# [Information shown]
* * * * *

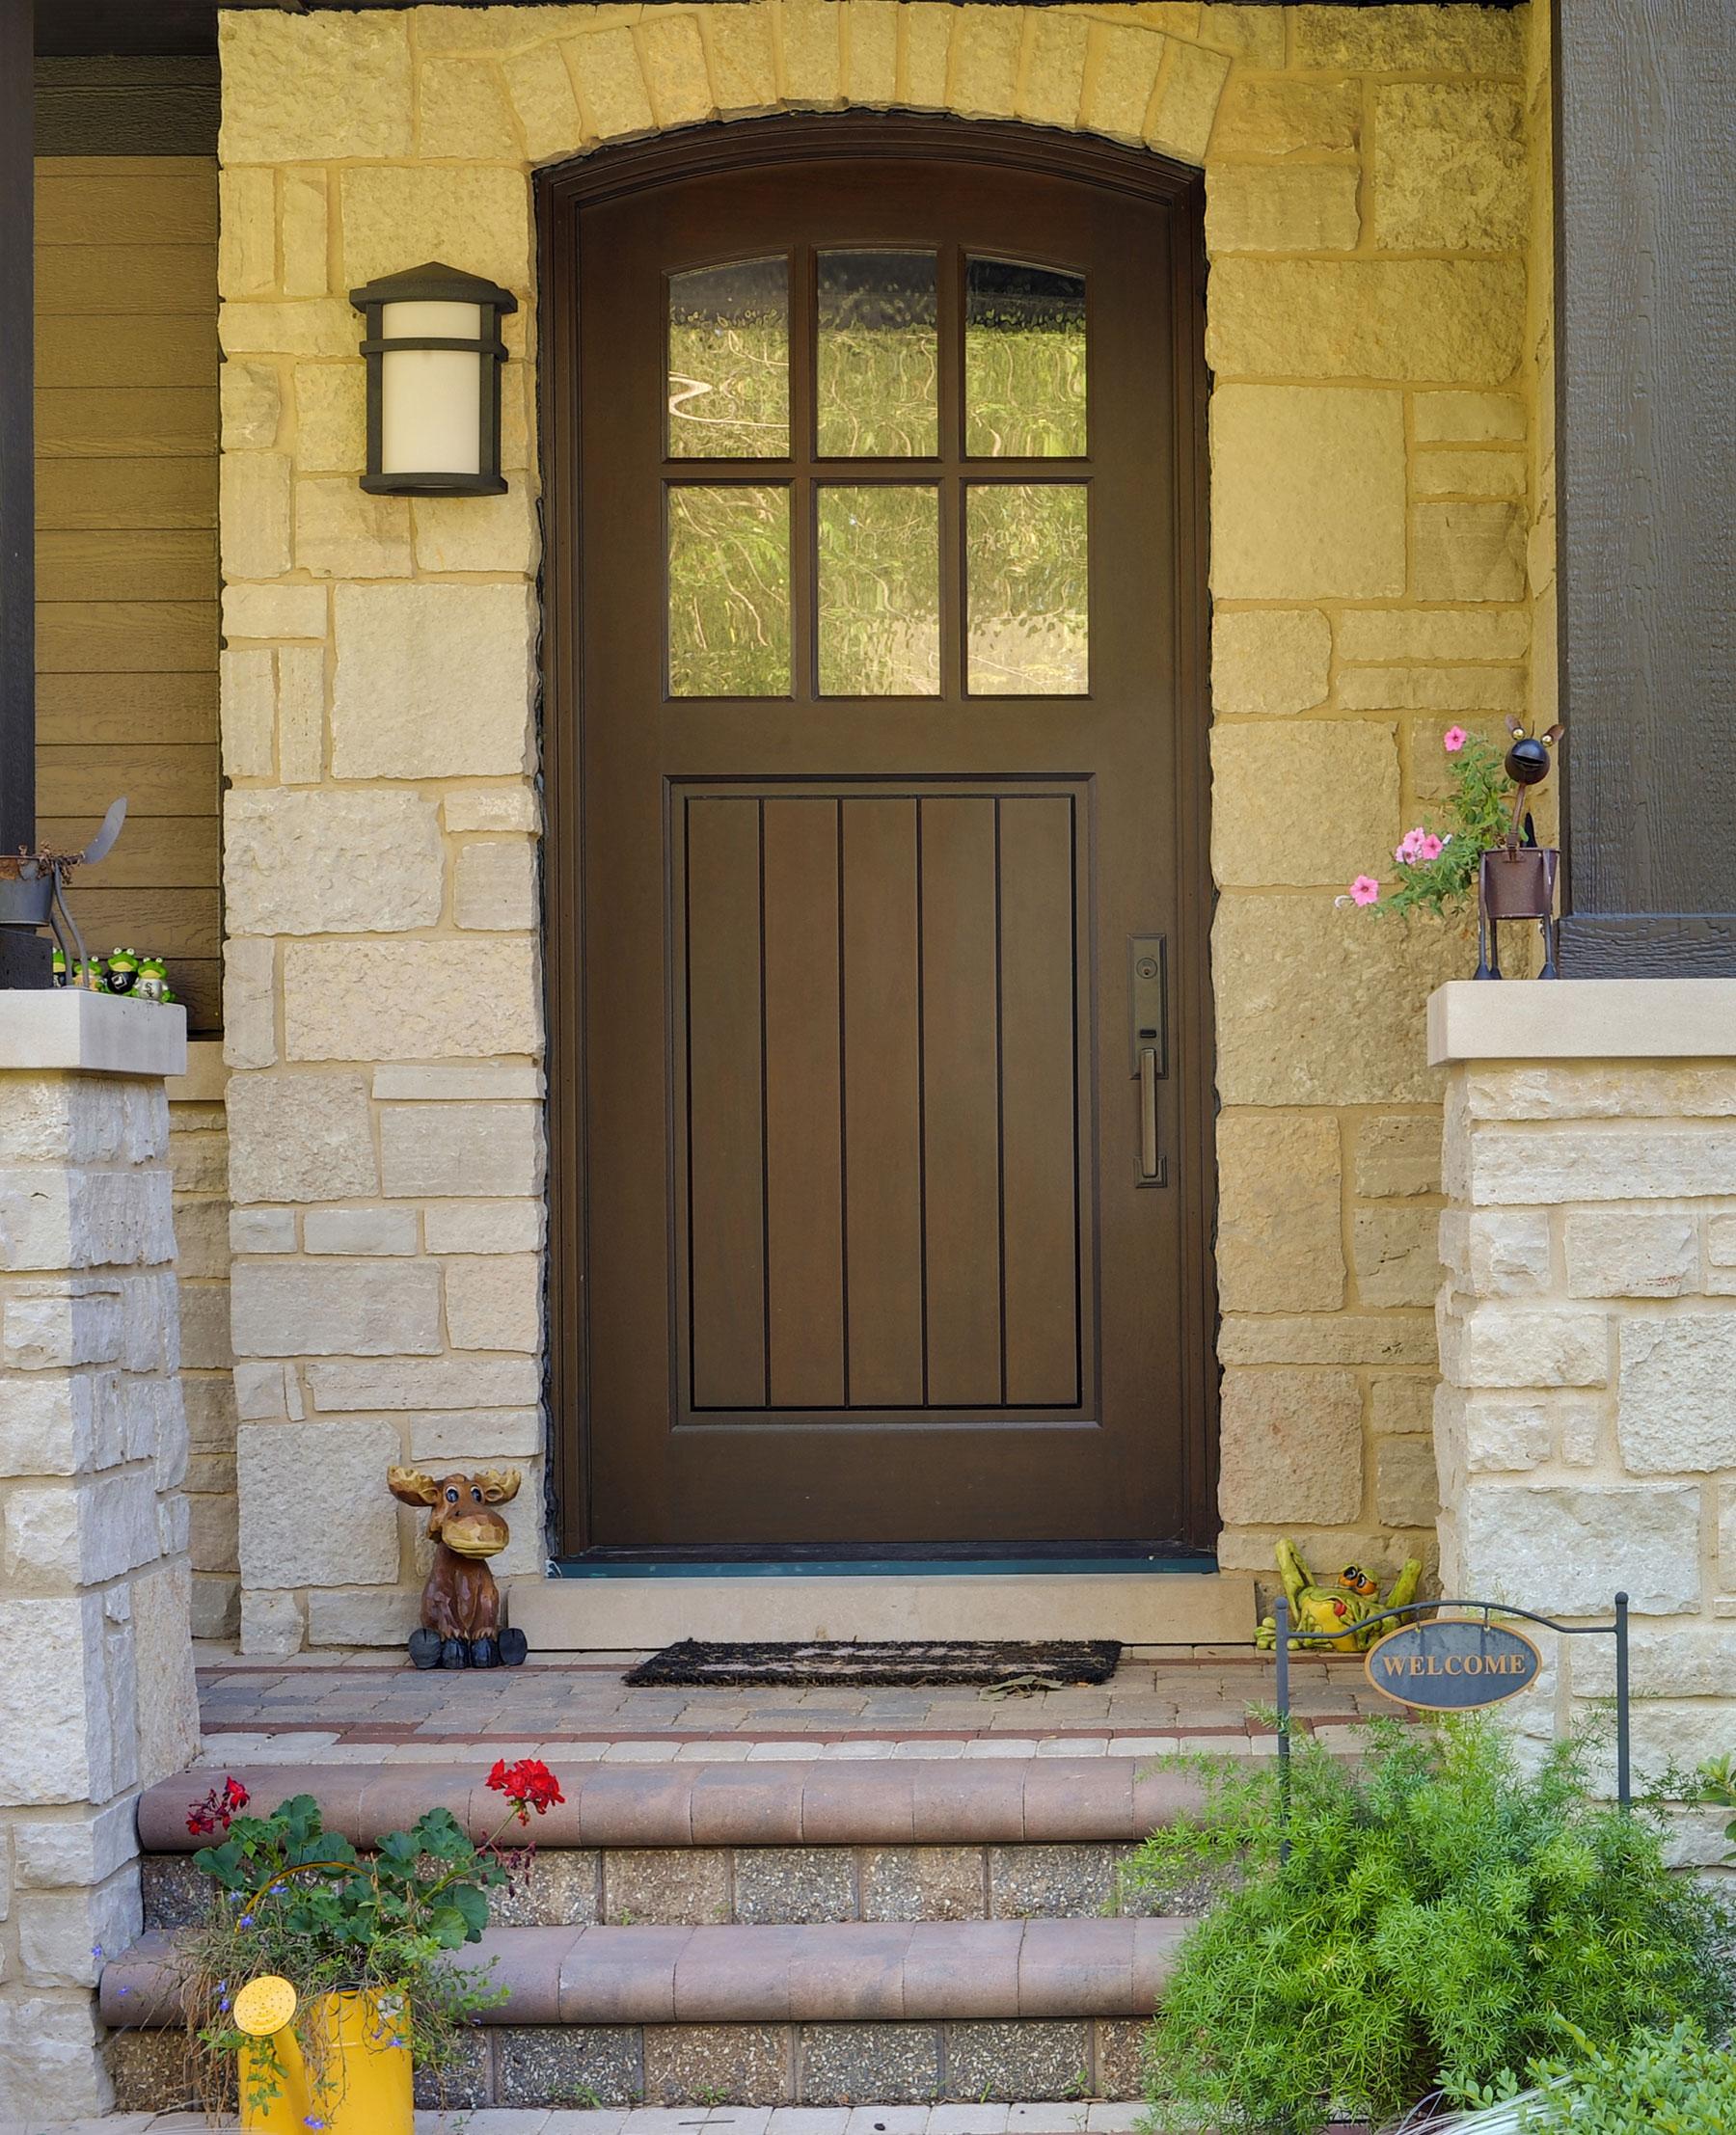 Custom Wood Front Entry Doors | single door privacy glass, in classic french collection  - Glenview Doors - Custom Doors in Chicago
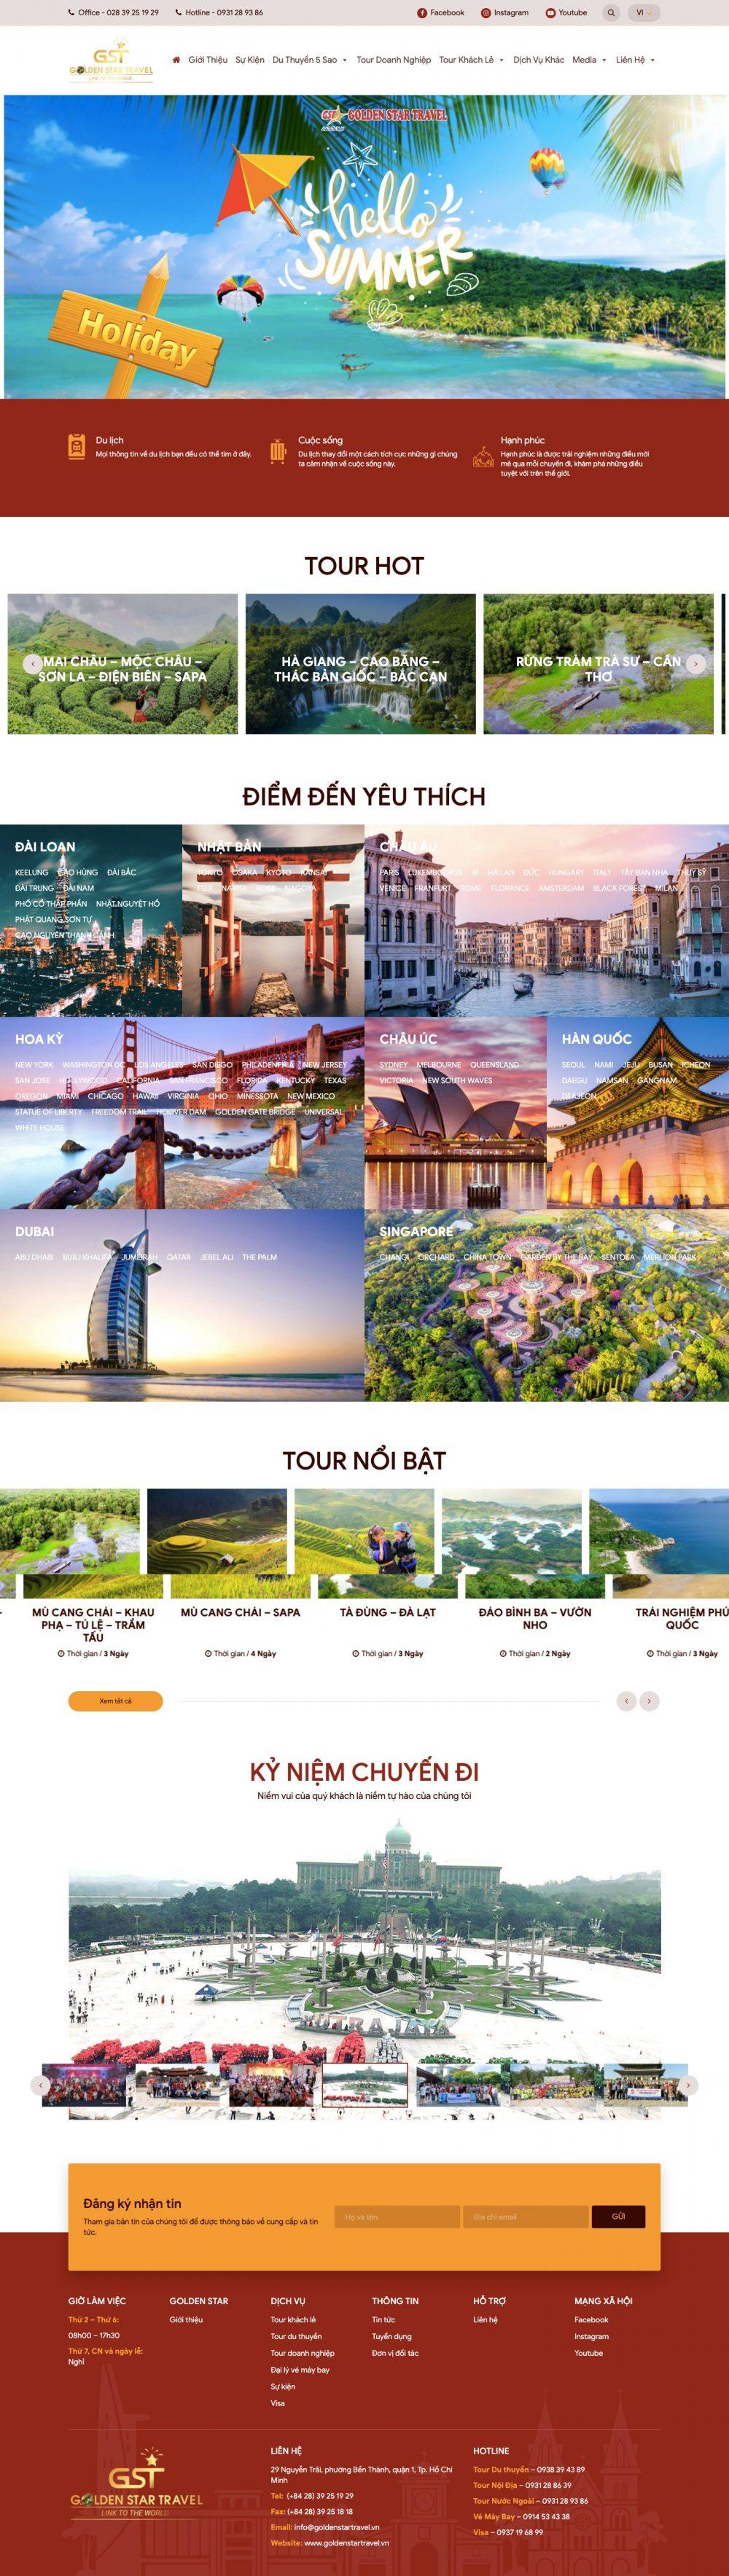 GOLDEN STAR TRAVEL – Chuyên cung cấp tour du lịch
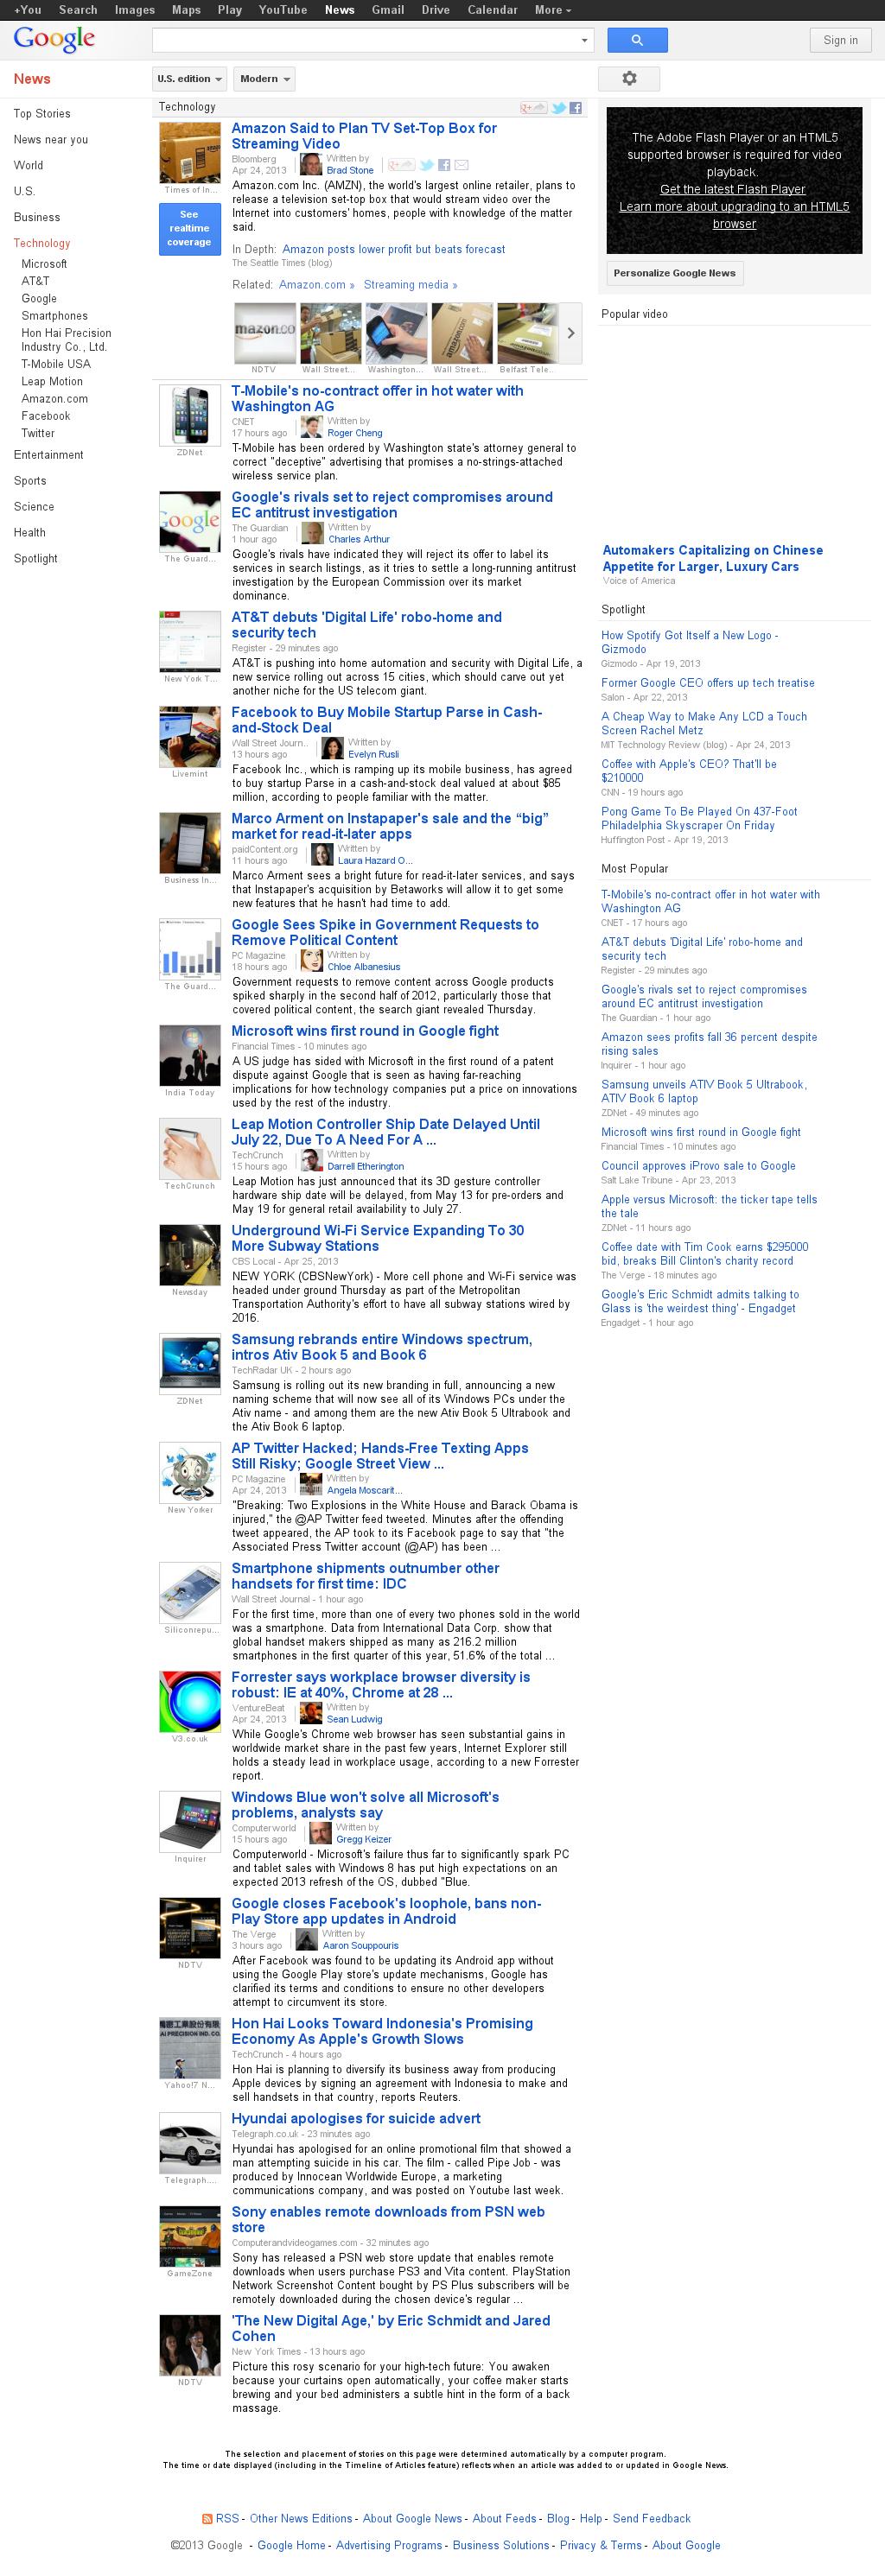 Google News: Technology at Friday April 26, 2013, 12:08 p.m. UTC

* * * * *

# [What the task requires]
Word for word, print the material above, but without its pictures.

# [Written solution]
 Custom Wood Front Entry Doors | single door privacy glass, in classic french collection  - Glenview Doors - Custom Doors in Chicago
 GOLDEN STAR TRAVEL – Chuyên cung cấp tour du lịch
 Google News: Technology at Friday April 26, 2013, 12:08 p.m. UTC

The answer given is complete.